> _WORK TO BE COMPLETED_
Exactly the lines below starting at the line with "Aubaho Modellflugzeug Modellflugzeug" and ending at the line with "Detailreiche Flagge von" are wanted, with both ends included. Leave out the pictures and add no other lines.

> _THE DATA_
==================================================
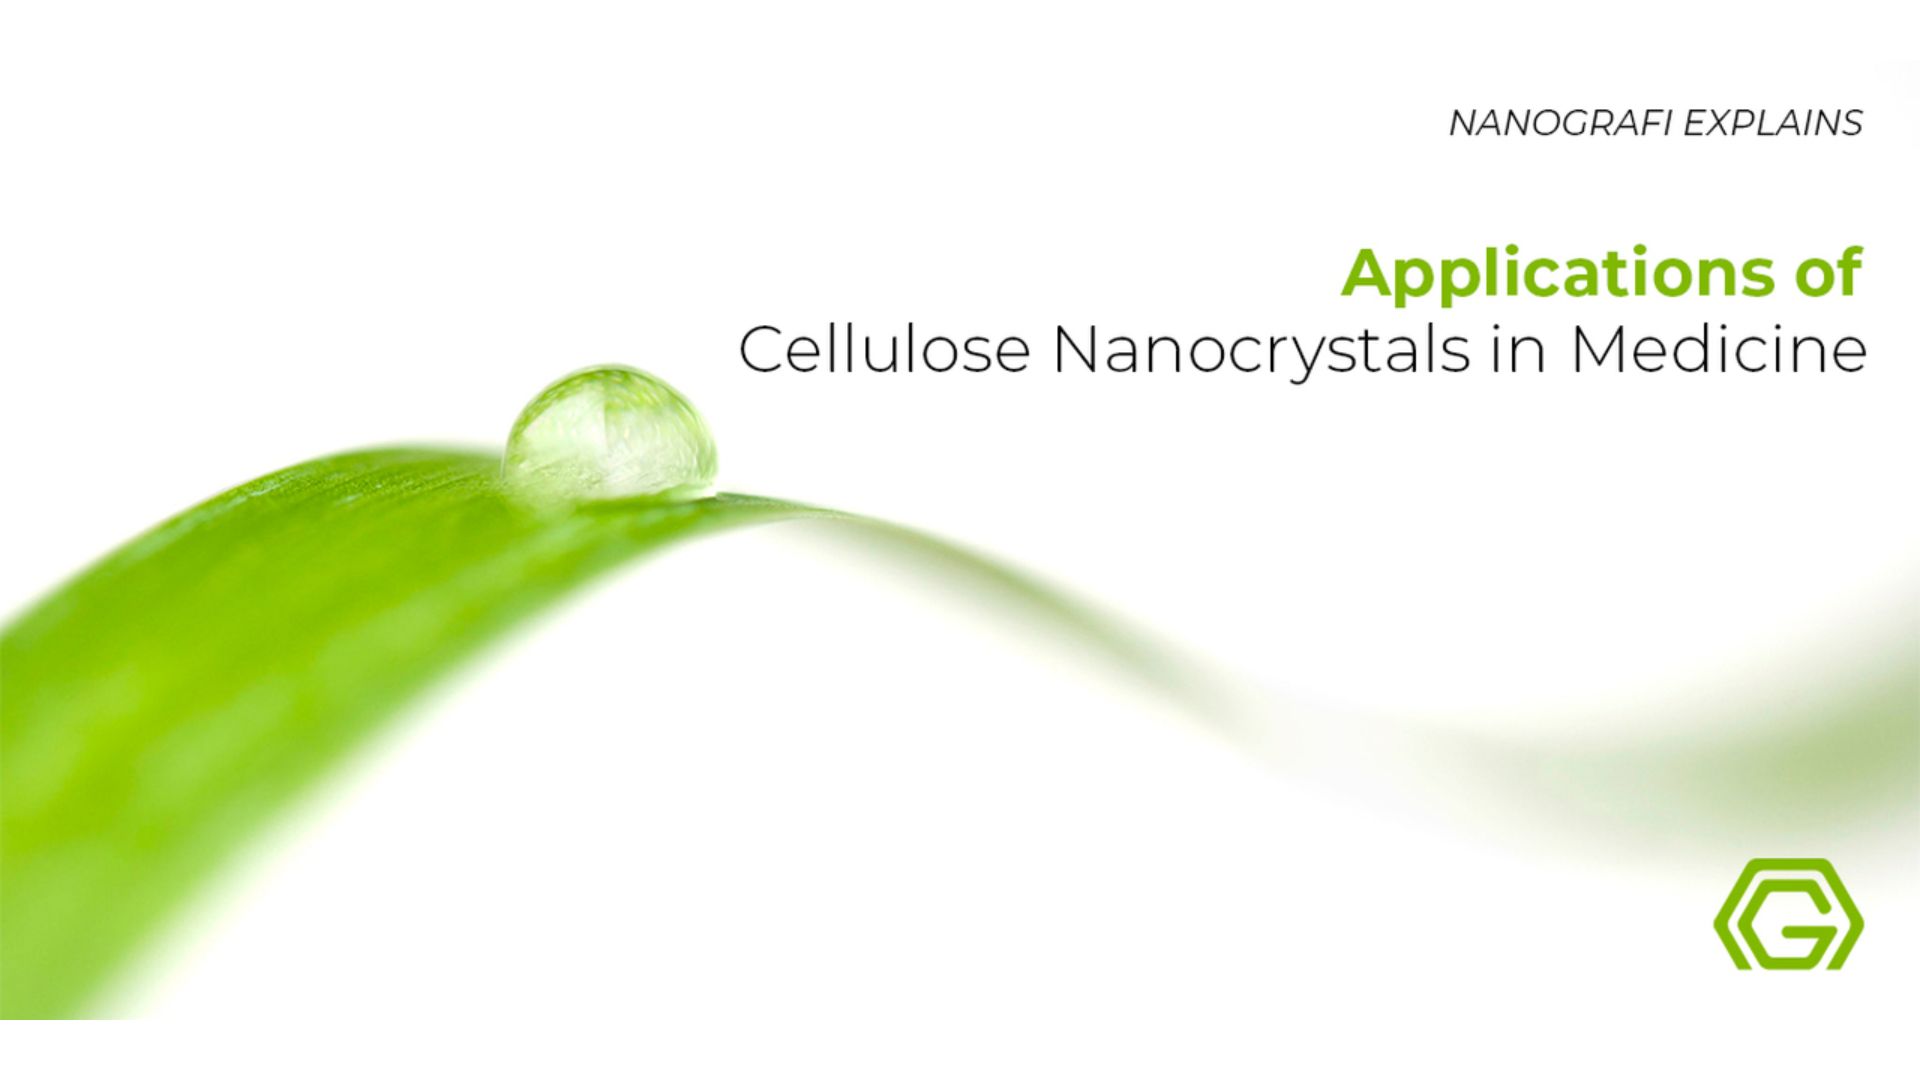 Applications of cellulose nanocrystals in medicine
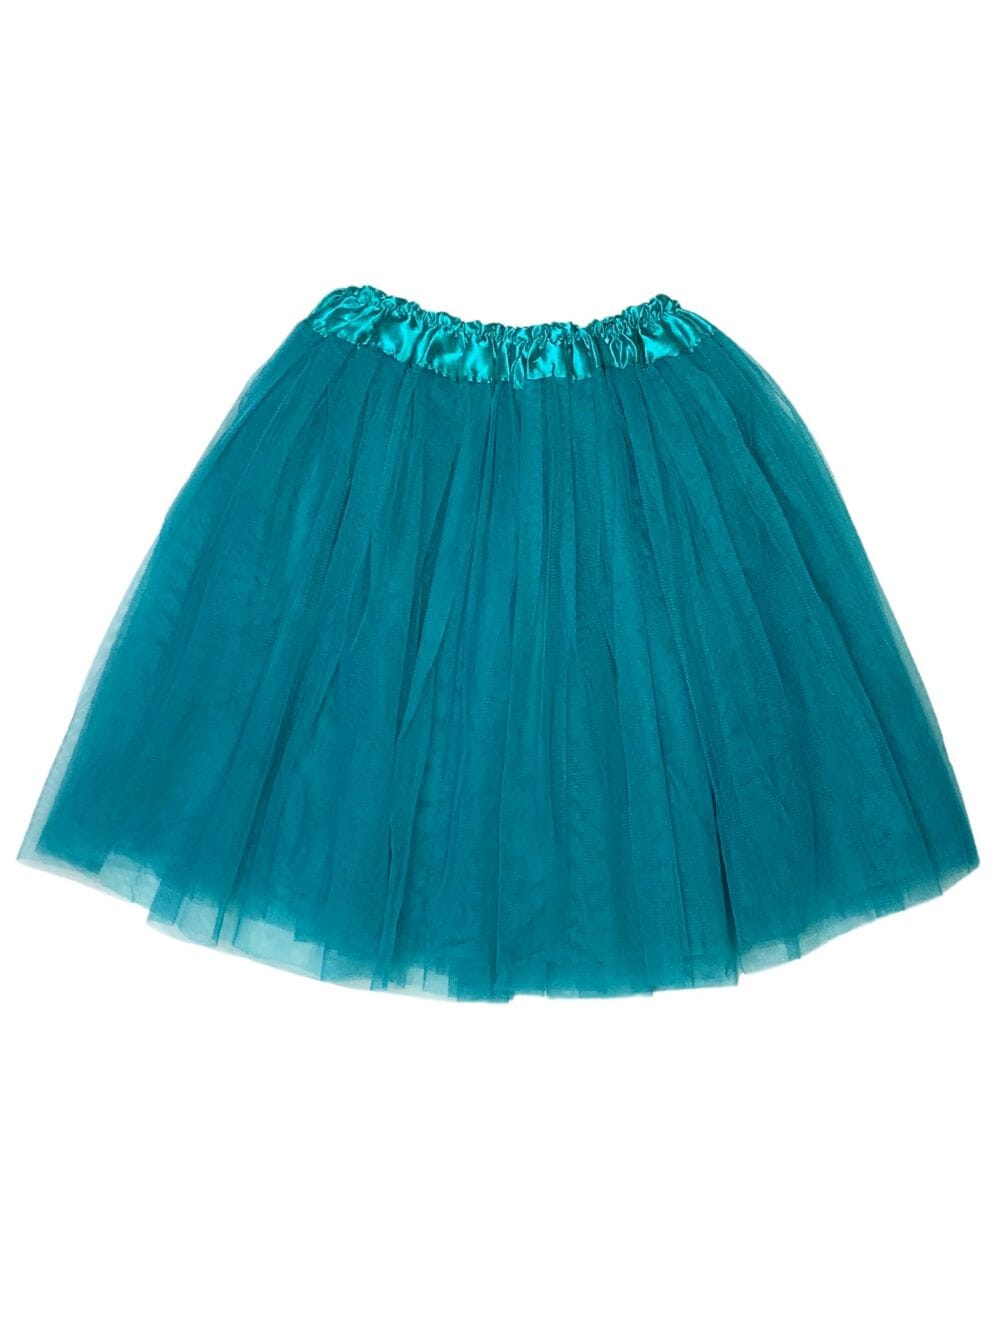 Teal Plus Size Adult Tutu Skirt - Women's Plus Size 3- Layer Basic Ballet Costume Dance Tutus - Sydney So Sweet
==================================================
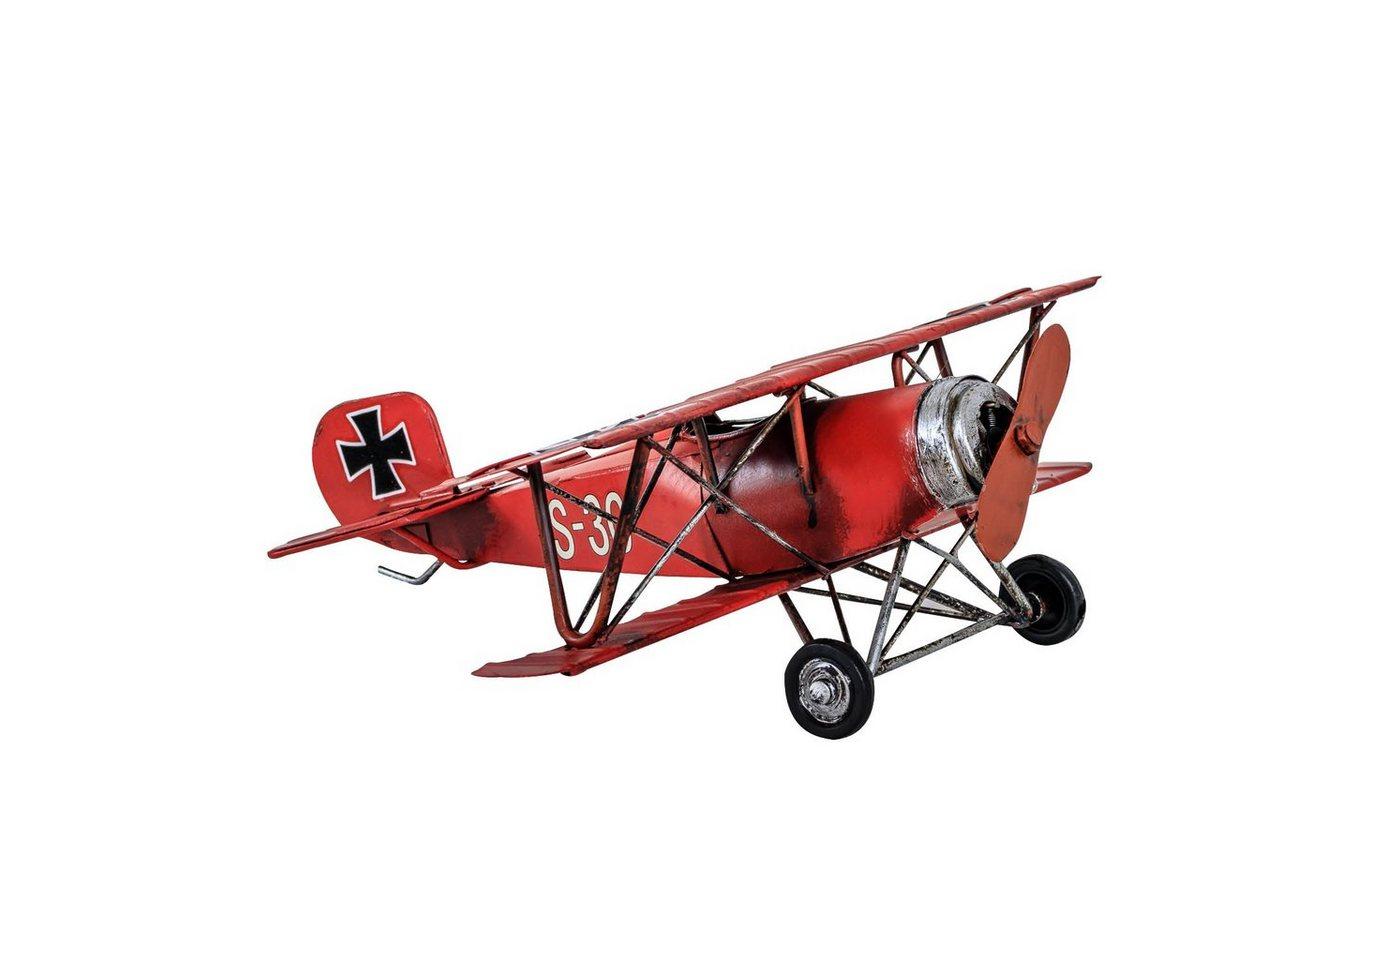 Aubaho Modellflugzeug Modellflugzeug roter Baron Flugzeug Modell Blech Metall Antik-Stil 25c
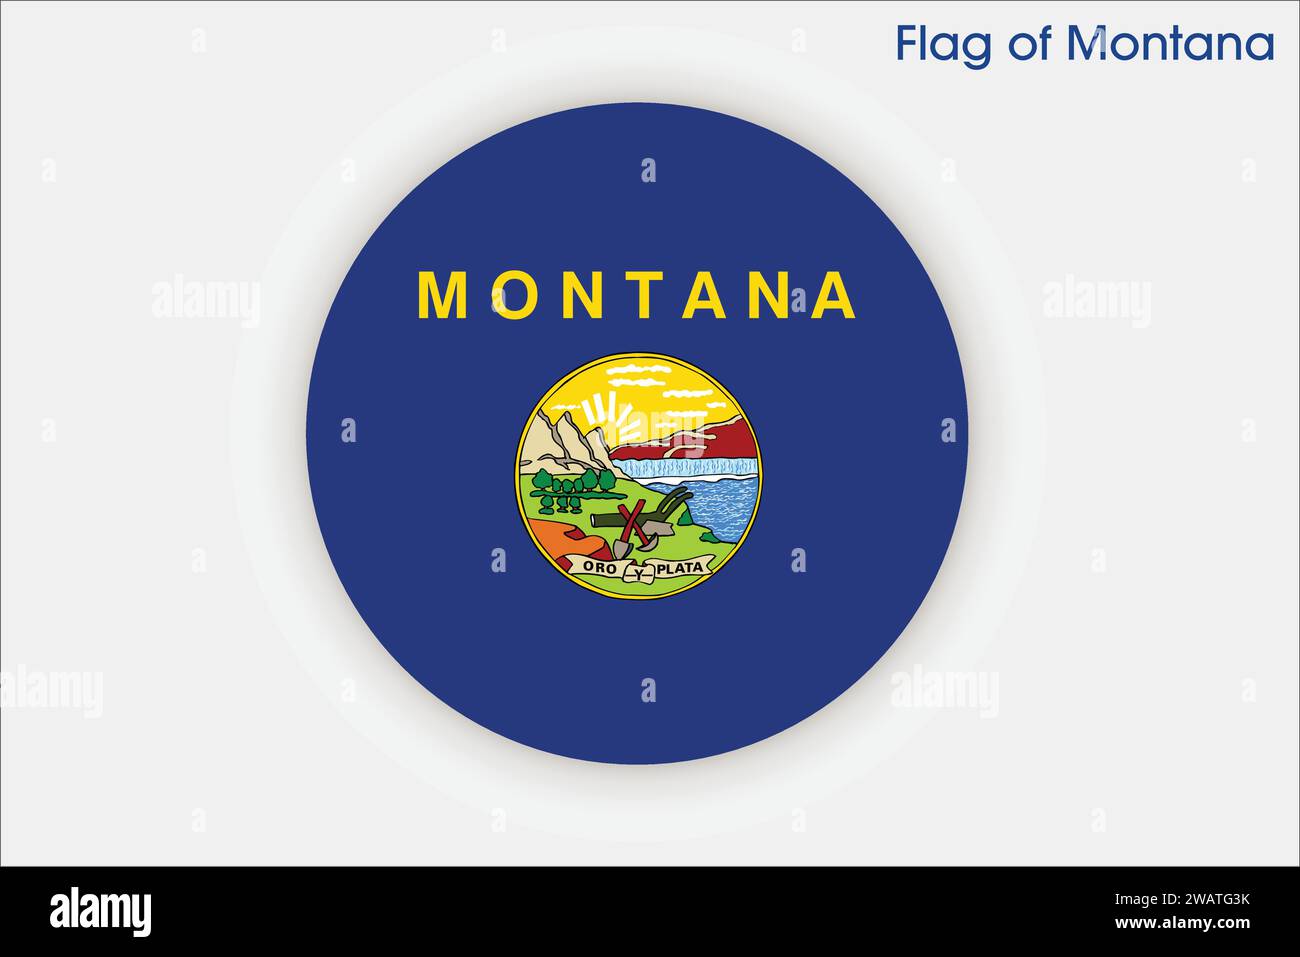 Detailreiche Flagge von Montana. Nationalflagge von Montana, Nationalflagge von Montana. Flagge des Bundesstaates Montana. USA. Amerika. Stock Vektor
==================================================
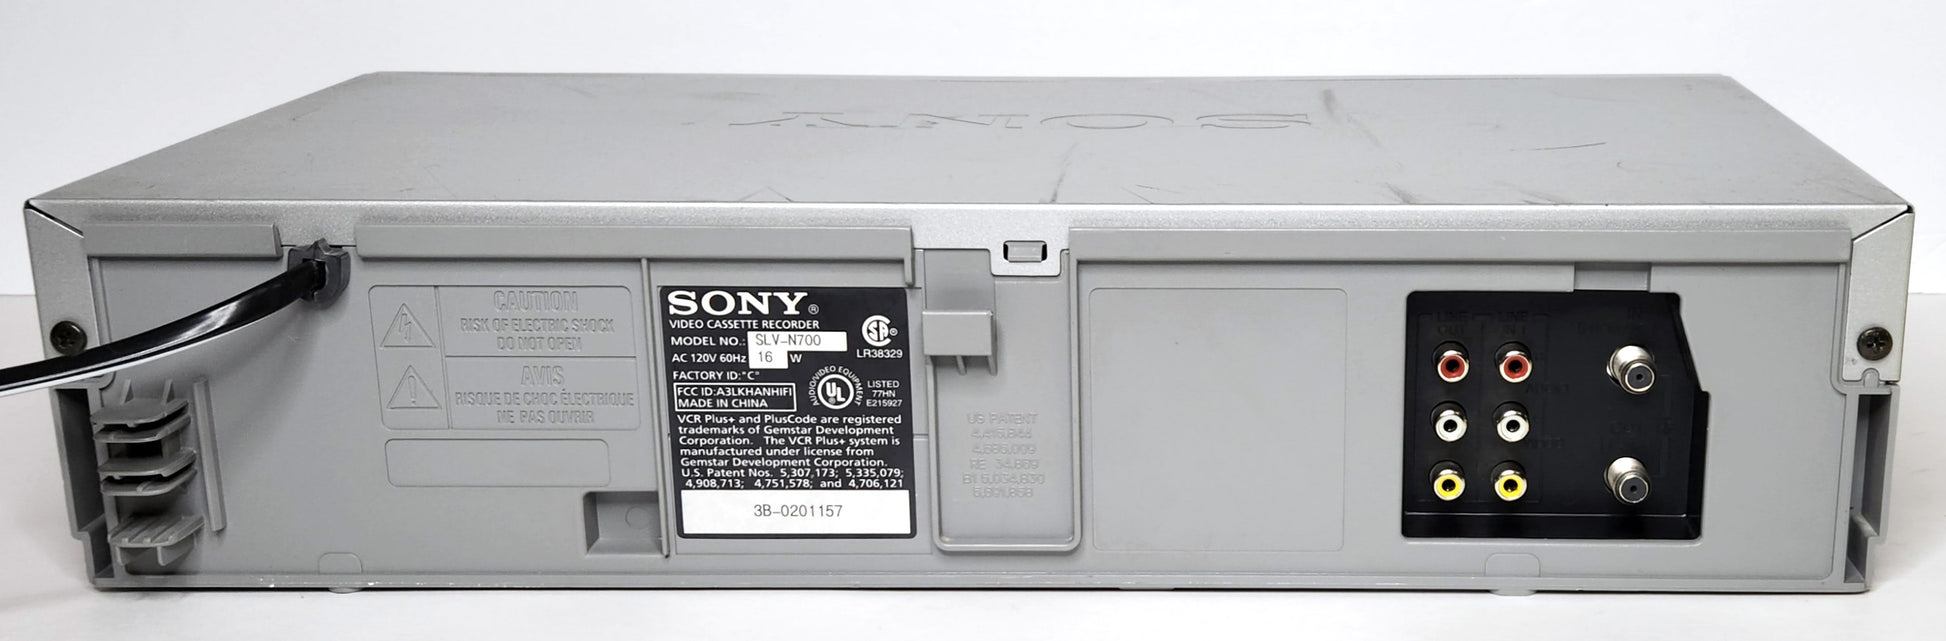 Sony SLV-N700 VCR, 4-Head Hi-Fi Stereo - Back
==================================================
> _ANSWER FOR THIS EXERCISE_
 Aubaho Modellflugzeug Modellflugzeug roter Baron Flugzeug Modell Blech Metall Antik-Stil 25c
 Detailreiche Flagge von Montana. Nationalflagge von Montana, Nationalflagge von Montana. Flagge des Bundesstaates Montana. USA. Amerika. Stock Vektor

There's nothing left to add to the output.